Target Price and Valuation
P&G has a modest upside potential over the next 12 months compared to much of the rest of the market. Analyst price forecasts give the stock a median target of $170, up 15.5 percent against the current price of $147.01.
It’s worth noting, however, that P&G also hasn’t sold off quite as much as the broader market. YTD, the stock has lost 10 percent of its value, while the S&P 500 index is off by 13 percent.
As for value, Procter & Gamble doesn’t look especially cheap, but it also doesn’t appear to be overpriced. The stock trades at a forward P/E ratio of 25.2, in line with its industry. Price-to-book, however, is a bit high at 7.9.
Running a discounted cash flow forecast (DCF) analysis on PG reveals upside to $164 per share, roughly in line with analysts’ projections.
Will Inflation Hurt Procter?
Inflation and rising material prices represent by far the biggest headwinds for P&G right now.
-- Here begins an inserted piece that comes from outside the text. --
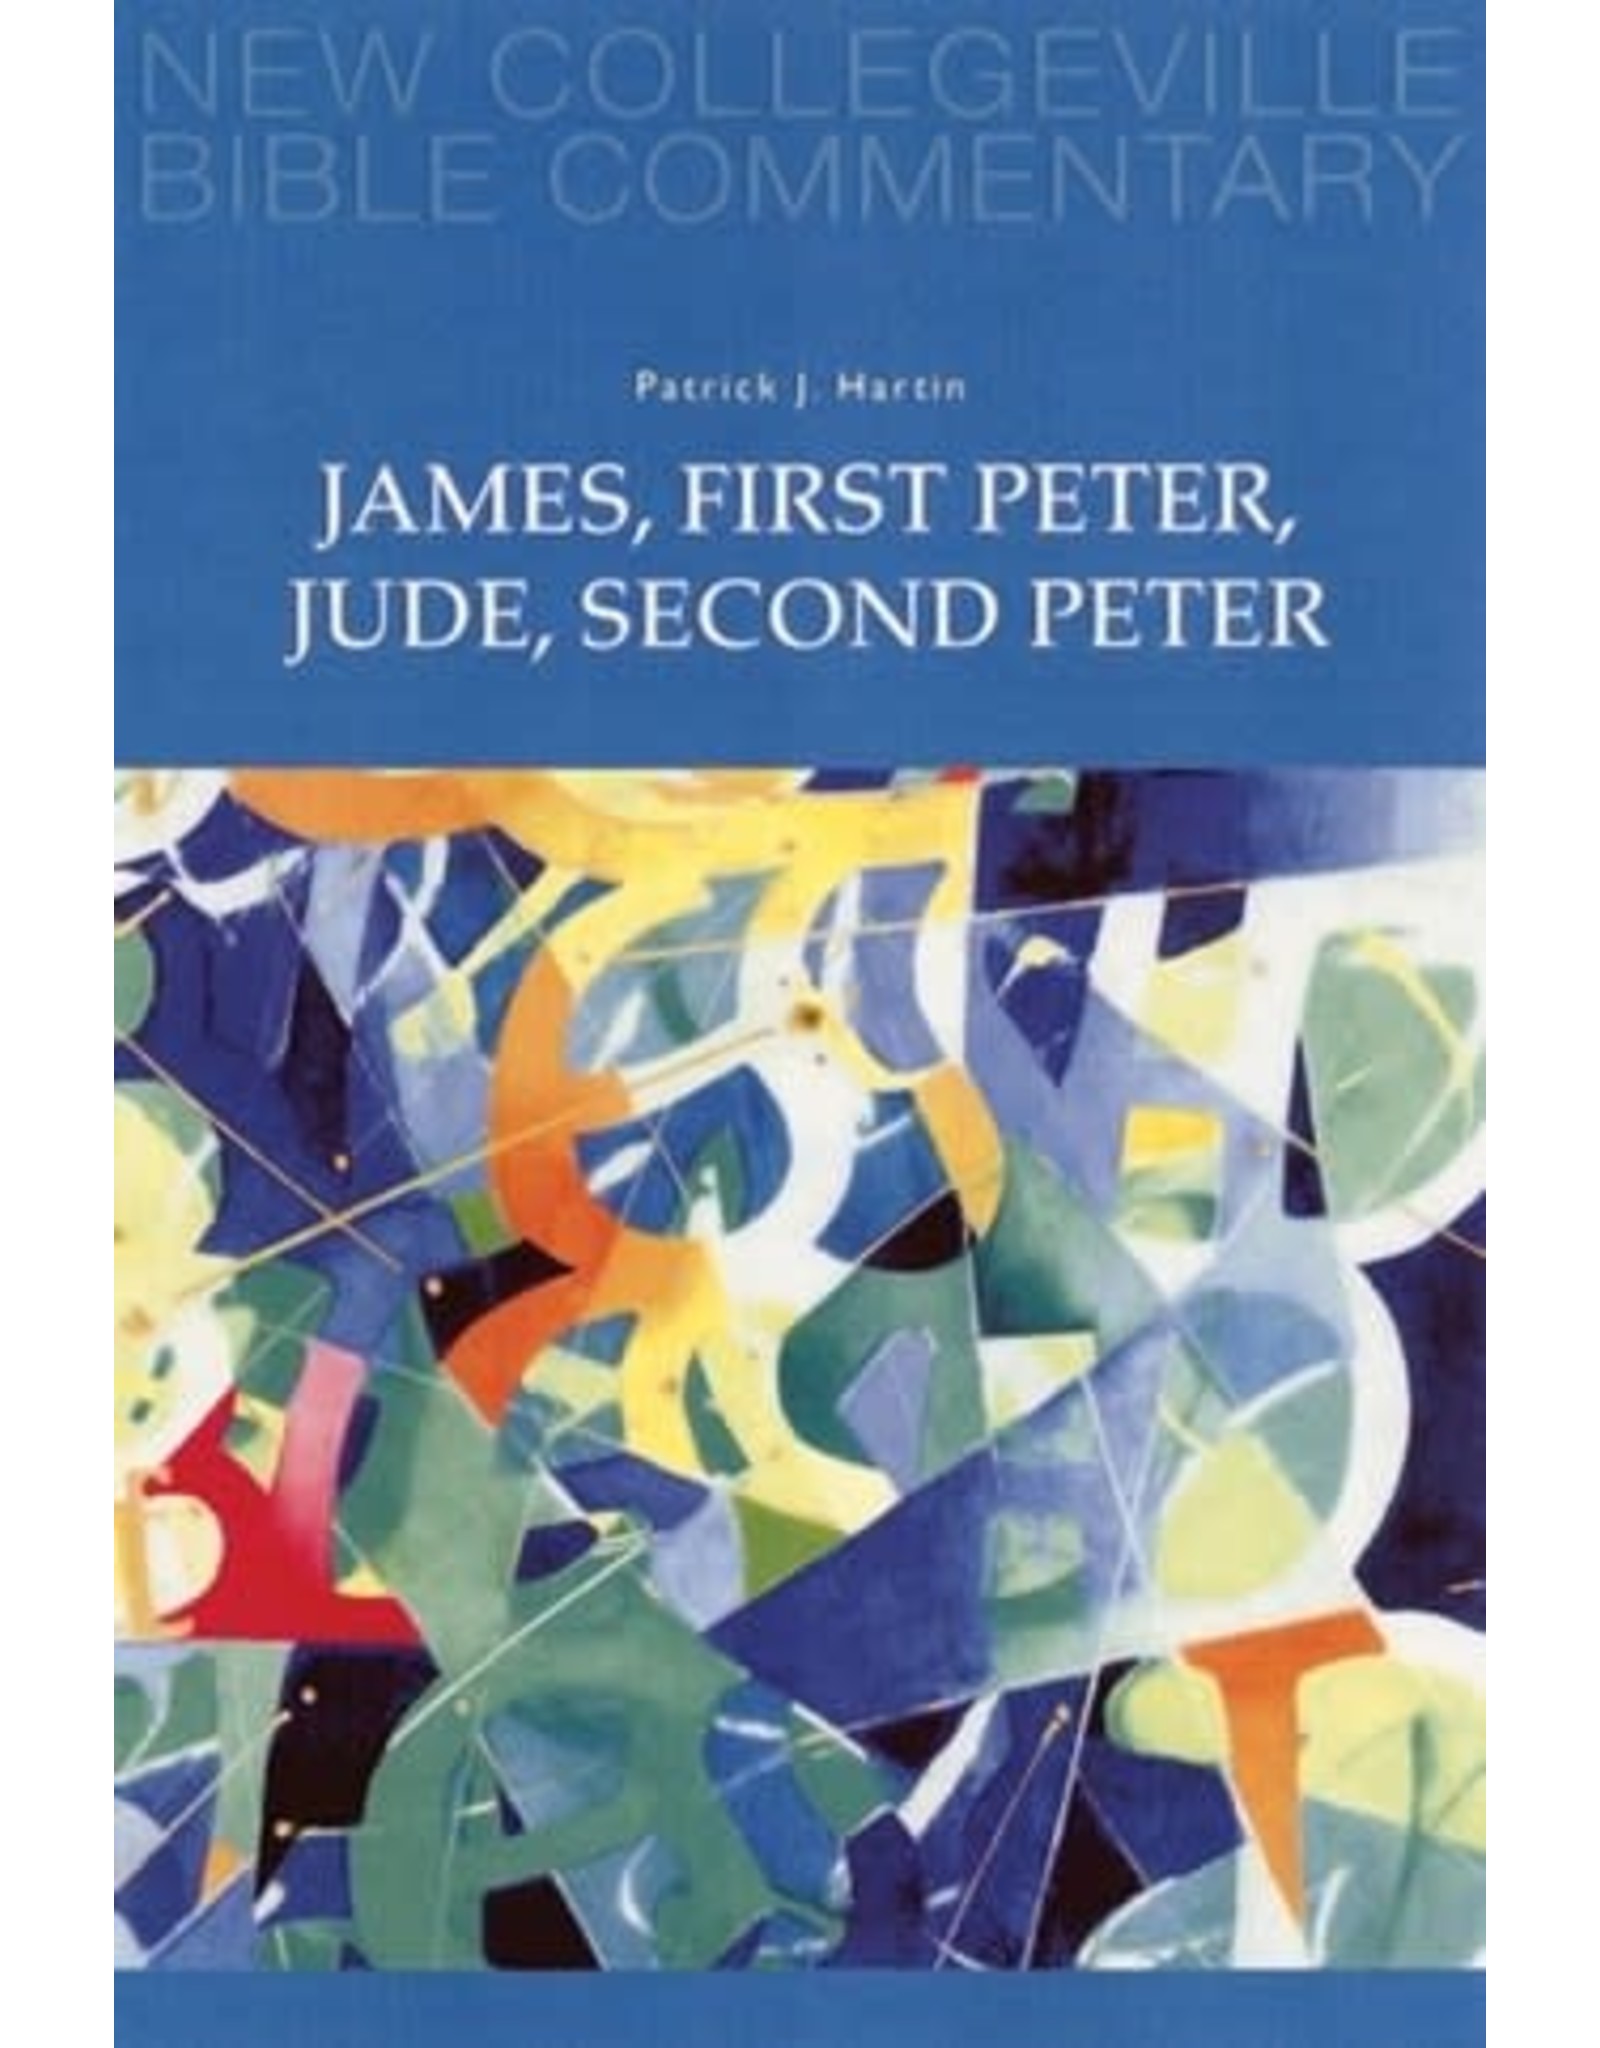 Liturgical Press New Collegeville Bible Commentary: James, First Peter, Jude, Second Peter

These forces will increase production and transportation costs while also reducing consumer spending.
Although consumer staples stocks P&G are good hedges against inflation, rising prices can force consumers to explore generic alternatives to brand-name products.
Owing largely to price concerns, Procter & Gamble expects relatively low single-digit growth in FY2022. Given that inflation may persist through the rest of the year, there’s a decent chance that both earnings and revenue growth will remain at low levels for some time.
Is Procter & Gamble a Buy?
Procter & Gamble is a safe and solid investment that comes with reasonably low levels of risk. With 66 years of consecutive dividend increases, the company has more than proven its commitment to rewarding shareholders through dividend income. The payout ratio P&G currently maintains should allow it to continue this streak with little to no difficulty.
It’s also worth considering that a recession could be coming in the near future. P&G has successfully ridden out market conditions ranging from the stagflation of the 1970s to the financial crisis of 2008, raising its dividend annually the entire time. Procter & Gamble is largely recession-proof and will likely have no difficulty surviving a post-COVID recession.
With that said, P&G isn’t a high-growth company. Even after it breaks out of its current slow period, the company is likely too mature to compound at double-digit rates for any sustained period of time. Investors can expect share price growth, but it will not be as rapid as other types of stocks deliver.
Procter & Gamble also isn’t particularly cheap right now. To all appearances, the stock trades at a fair value. Value investors searching out significantly underpriced assets, however, likely won’t find P&G particularly attractive.
For investors who are looking to add an income-generating dividend king to their portfolios, though, Procter & Gamble truly could be considered a monster buy. With consistent dividend increases and prudent reinvestment, P&G has the potential to help investors build wealth steadily over the long term.
The power of P&G can clearly be seen when tracking performance during the past 30 years with dividend reinvestment. Over this time, the stock has handily outperformed the S&P 500. If you’re looking for a solid buy-and-hold income stock, Procter & Gamble is a great option to consider while the stock remains somewhat sold off.